To verify proposed model and visualization tool, we used the external firewall data of a public institution in Korea. The fields of firewall data consist of source IP, destination IP, source port, destination port, whether to allow access, and rule comment. The total number of firewall rules was 808, and there were multiple IPs or ports in one rule. In addition, a number of rules whose field range is “any” among source IP, destination IP, source port, and destination port have been identified. In fact, there were cases where the scope of the field was “any” due to necessity, but it was also confirmed that the scope of the rule applied to the service user was set excessively. According to NIST SP 800-41 Rev. 1, it is recommended to identify assets through risk analysis, set firewall rules appropriately, and manage them periodically [2]. In reality, risk analysis is not conducted periodically, and it is confirmed that it is difficult to manage periodically due to too many rules. In the Rule Comment, there were various types of comments such as NetBIOS port blocking rule registered in CVE, permitting rule for receiving information from higher authorities, and permitting rule for service administrators.

4.2. Visualization Tool

We developed a visualization tool, including the proposed anomaly classification model to help information security managers efficiently manage firewall policy. The visualization tool proceeds as shown in Figure 2.

First, information security managers use visualization tools to load their firewall policy. The loaded data fetches the following firewall policy fields: Source IP, Destination IP, Source Port, Destination Port, Action, Rule Type, and Rule Comment. Next, the tool classifies the exceptional rule based on the rule comment and excludes it from the anomaly detection algorithm. In addition, by applying the proposed measurement index to the anomaly detection result, the score is measured, and the result is displayed to the information security managers.

4.2.1. Classifying Exceptional Rule and Detecting Anomaly

Based on the rule comment, verification data was classified into 79 general rules, 160 exceptional allowance rules, and 569 exceptional denial rules. There were too many exceptional rules especially exceptional denial rules. After checking the results, most of the exceptional denial rules had policies to block harmful IPs and policies to block access to sites not related to work. Most of the exceptional allowance rules were permissive rules for service administrators, temporary permissive rules for vulnerability checks, or permissive rules for updates or patches.

As a result of analysis of verification data before classifying exceptional rules based on rule comment, a total of 53,404 anomalies were detected, and for each type, 251 cases of shadowing, 51,658 cases of correlation, 221 cases of generalization, and 1,274 cases of redundancy were detected.
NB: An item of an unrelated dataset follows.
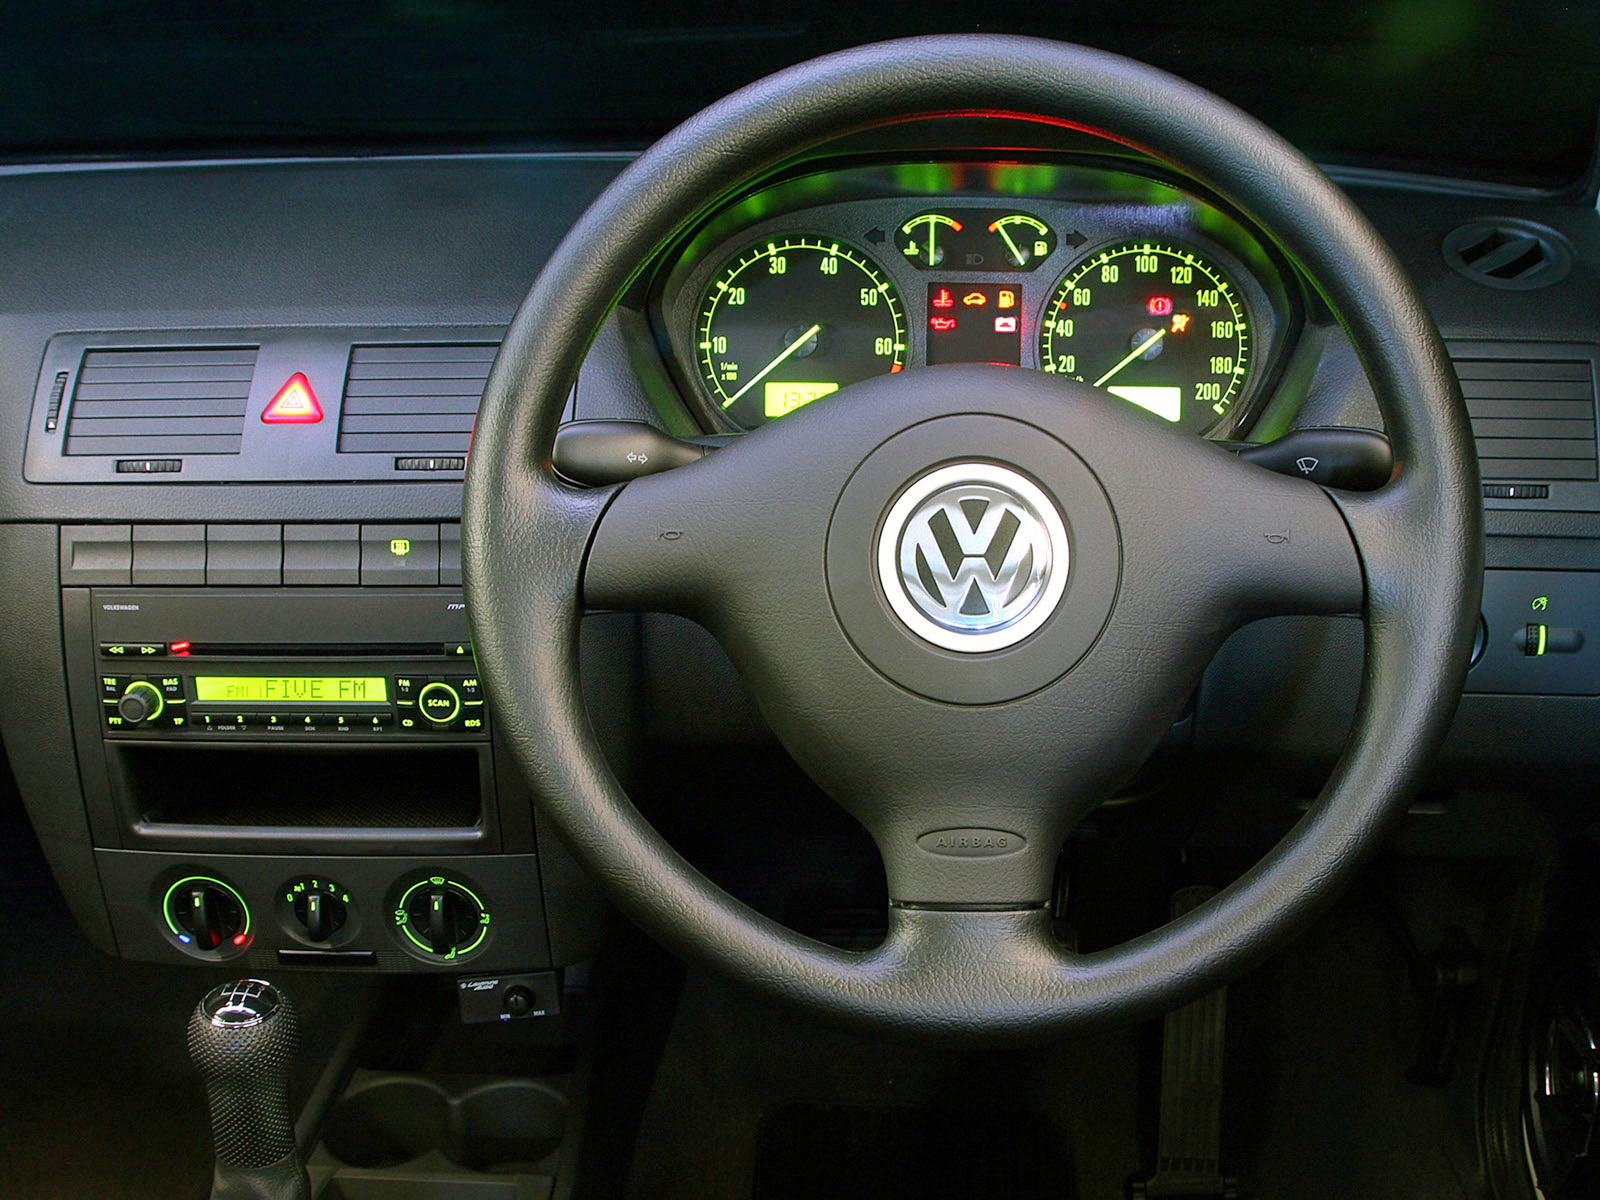 VW, Volkswagen, Citi Golf, Citi, Golf, Mark 1, Mk1, Rabbit, R, Sonic, 2003

The result of anomaly detection before and after considering the exceptional rules was summarized in Table 10.

Table 10. Anomaly detection before and after considering the exceptional rules

Item	Shadowing	Correlation	Generalization	Redundancy	Total
Before	251	51658	221	1274	53404
After	0	0	0	11	11

As a result of analysis of verification data after classifying exception rules, a total of 11 anomalies were detected, and a reduction of 99.97% compared to before classification of exceptional rules. As for the types of anomalies detected, 11 cases were detected only in redundancy, and no other types of anomalies were detected. Through this result, among the verification data analysis results before and after the classification of exceptional rule, the result after the classification of exceptional rule is better, and there are numerous exceptional rules in the firewall policy. Since the only type of anomaly detected is redundancy, there are not many problems that are difficult to solve in the verification data, and the firewall policy is managed relatively well.

We provide a radar chart showing the anomaly detection results before and after considering exceptional rules. However, the number of cases of correlation anomaly is extremely high, the radar chart is not visible to recognize problems. As shown in Figure 3, the visibility of the radar chart was increased by taking the logarithmic value of the anomaly detection results. In addition, by checking the anomaly detection results before and after considering the exceptional rules, information security managers can perform what-if analysis and increase work efficiency.

4.2.2. Prioritizing Anomaly and Rule

Based on the anomaly detection results, we intend to apply the priority measurement index proposed in this study. Table 11 shows the results of analyzing the priorities based on anomalies, and Table 12 shows the results of analyzing the priorities based on rule numbers.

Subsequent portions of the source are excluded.